Никто из других знакомых ему дивных наверняка не терзался бы угрызениями совести до такой степени, за исключением разве что сестер Медовар. То была дружеская любовь, так редко свойственная дивному роду – по крайней мере, в отношении к роду людскому.

И эта любовь ослепляла.

– Возможно, ты и права, – негромко сказал Энтони, и сделал то, чего не делал многие годы: взял ее за локти, крепко стиснув батист рукавов. – Вся Англия слишком велика для нас одних. Управиться с ней оказалось не под силу ни нам, ни Карлу, ни Джону Пиму, ни даже Оливеру Кромвелю. Однако мы можем помочь ей, как всякие верные подданные, ради любви к родной земле. Есть на свете дела помельче, есть, в конце концов, Лондон – думаю, тут-то тебе опускать рук не стоит. Уж я наверняка не стал бы.

Глаза… Что это, случайность, или сознательный выбор? Стоило ей поднять взгляд, и на лице смертной женщины сверкнули серебром глаза Луны, а голос – ее собственный голос – произнес:

– Так ты хочешь остаться?

– Хочу, – подтвердил Энтони. Даже свободный от волшебных уз, Луны он не оставит. – И вместе мы сделаем все, что сумеем, будь оно мало иль велико.


Халцедоновый Чертог, Лондон, 25 октября 1659 г.

В то время, как сэр Меллеган наслаждался уютом темницы, его прежние покои на скорую руку превратили в арсенал. Теперь здесь сверкали медью стройные ряды мушкетов и пистолетов, выкованных Велундом Кузнецом для армии Луны и Энтони и запертых до поры под замок – кроме тех нескольких, что сэр Перегрин счел уместным вверить самым надежным.

– Мы можем помочь вам доставить все это назад, в Беркшир, – сказала Луна Иррит, стоявшей у дверей, и услышала, как та переступила с ноги на ногу.

– Ни к чему, государыня. Велунд Кузнец делает вещи, а не хранит в кладовых.

Услышав ее неуклюжее обращение, Луна едва сдержала улыбку. Лесная эльфийка осваивала куртуазные манеры на ходу, но пользовалась сими знаниями пока что неважно.

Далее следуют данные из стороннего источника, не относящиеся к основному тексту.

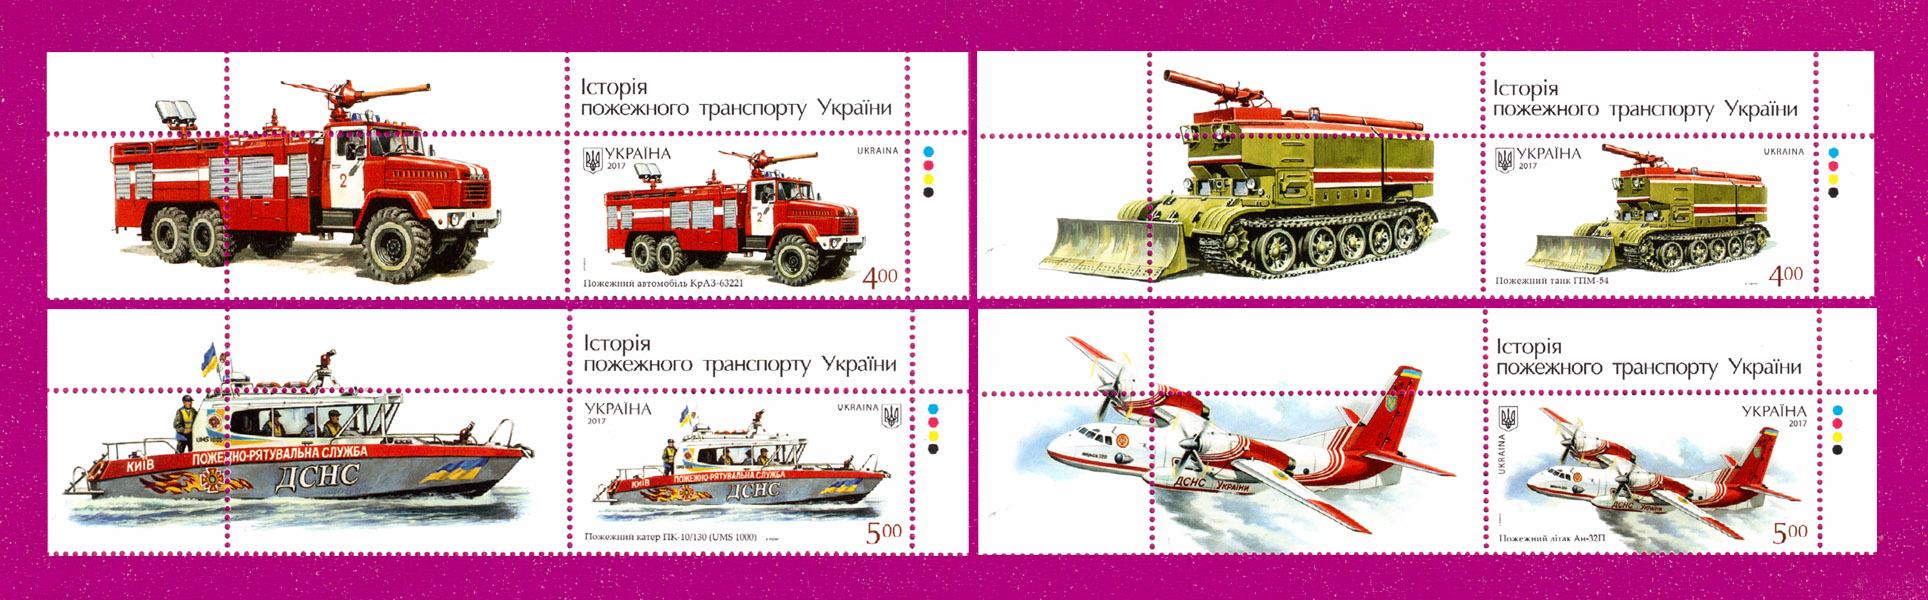 2017 часть листа Пожарная техника ВЕРХ С КУПОНАМИ СЕРИЯ Украина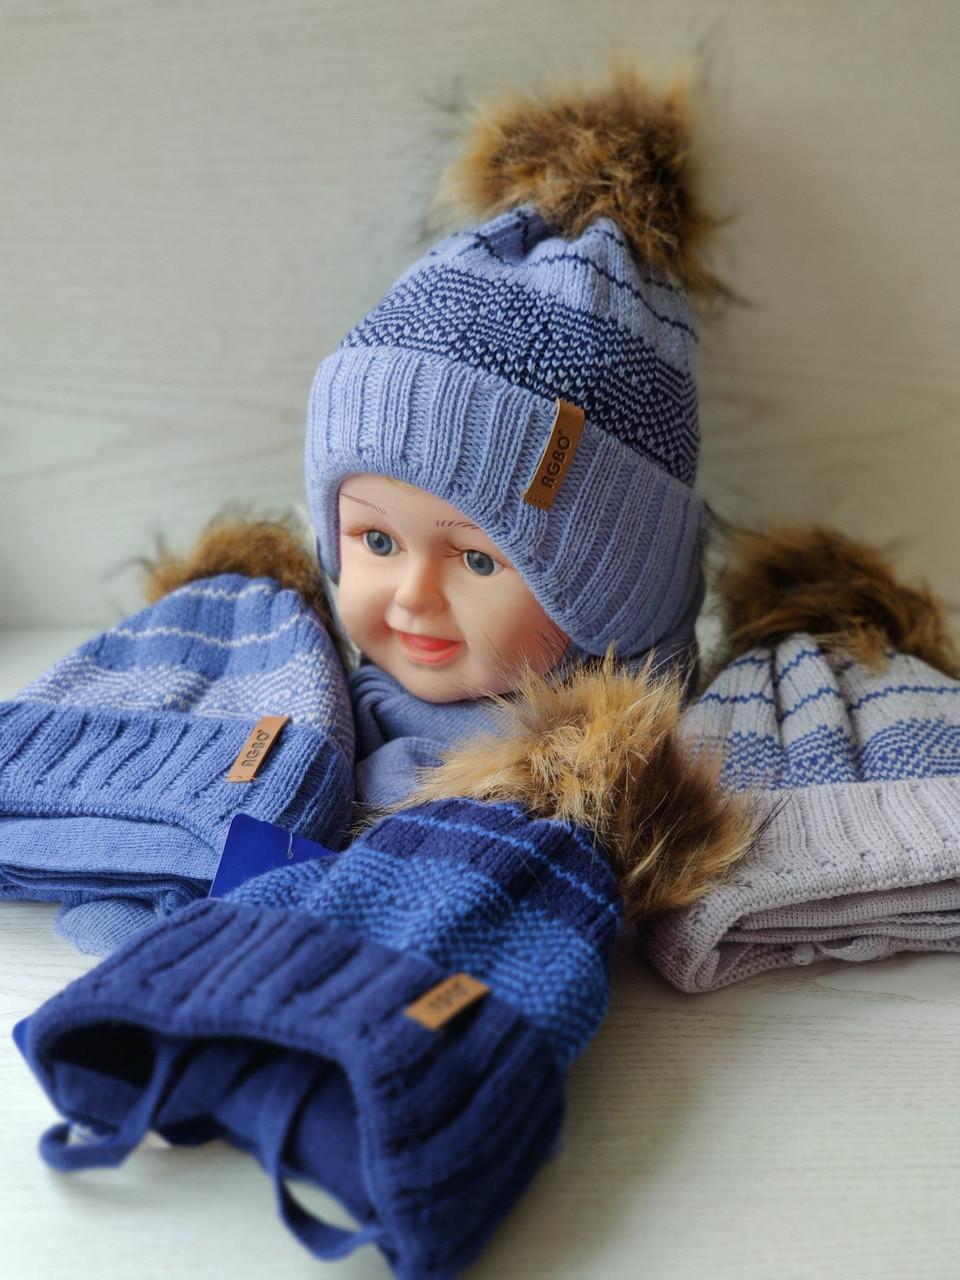 Комплект для мальчика с заворотом  (шапка+хомут ) Размер 42-44 см

Хранить оружие огненного боя во дворце было страшновато, однако Луна понимала: отсылать его Велунду – выход скверный. Дивные с давних пор перенимали у смертных все, что ни вызовет интереса, а значит, рано ли, поздно кто-нибудь переймет и ружья. И вот тогда ее арсенал может еще пригодиться.

Коснувшись мушкетного ложа, она повернулась к Иррит.

– Можешь передать своему королю: я ищу средства выполнить обещание. Парламент Армия распустила…

– Опять?! – возмущенно ахнула Иррит. Историю смертных она тоже успела немного освоить и находила ее просто уму непостижимой.

– Опять. Но я думаю, это ненадолго. Без Охвостья их власть не основана ни на чем, кроме права сильного. Ну, а раз так, вскоре нас ждет новая война или новый парламент. Так ли, иначе, смертным будет не до ухода за вашей Лошадью, но этого можно добиться и по-иному. В конце концов, пуританская мораль, навязываемая извне, людям поднадоела.

Лошадь давно вернулась на склон холма, в Беркшир. Возможно, и Иррит последует ее примеру? Да, лесная эльфийка расспрашивала о смертных лондонцах без конца, но преходящие увлечения для дивных – дело обычное, а посему в Лондон она вполне может и не вернуться.

– А еще, – продолжала Луна, пряча за ровным тоном вызванное сей мыслью разочарование, – будь добра, передай своему королю все, что я говорила касательно Видара. Я щедро награжу любого, кто принесет о нем вести.

Тонкое, деликатное, лицо Иррит озарилось беспощадной улыбкой.

– Не хотелось бы мне стать твоим врагом, государыня. Я передам твои слова нашим, а Видара и сама поищу.


Королевская биржа, Лондон, 5 декабря 1659 г.

Швыряться черепицей и осколками грязного льда? Поначалу сие показалось прекрасной идеей. А началось все с петиции, врученной лондонскими подмастерьями городскому совету столицы: они требовали новых парламентских выборов или, по крайней мере, возвращения к власти Охвостья, разогнанного в октябре. Когда же к толпе вышел Денди, дабы во всеуслышанье зачитать манифест так называемого «комитета безопасности» Армии нового образца, запрещающий какие бы то ни было петиции, горстке паков и гоблинов в облике смертных легко удалось вдохновить подмастерьев постоять за свои притязания.

Уворачиваясь от пущенных в него снарядов, парламентский пристав со своими людьми отступил. Но вскоре им на подмогу явился целый полк с кавалерией. Однако подмастерьев это не остановило: обступив одного из солдат, неосторожно отбившегося от товарищей, те навалились на него, силой разоружили и принялись втаптывать несчастного в мостовую двора Королевской биржи.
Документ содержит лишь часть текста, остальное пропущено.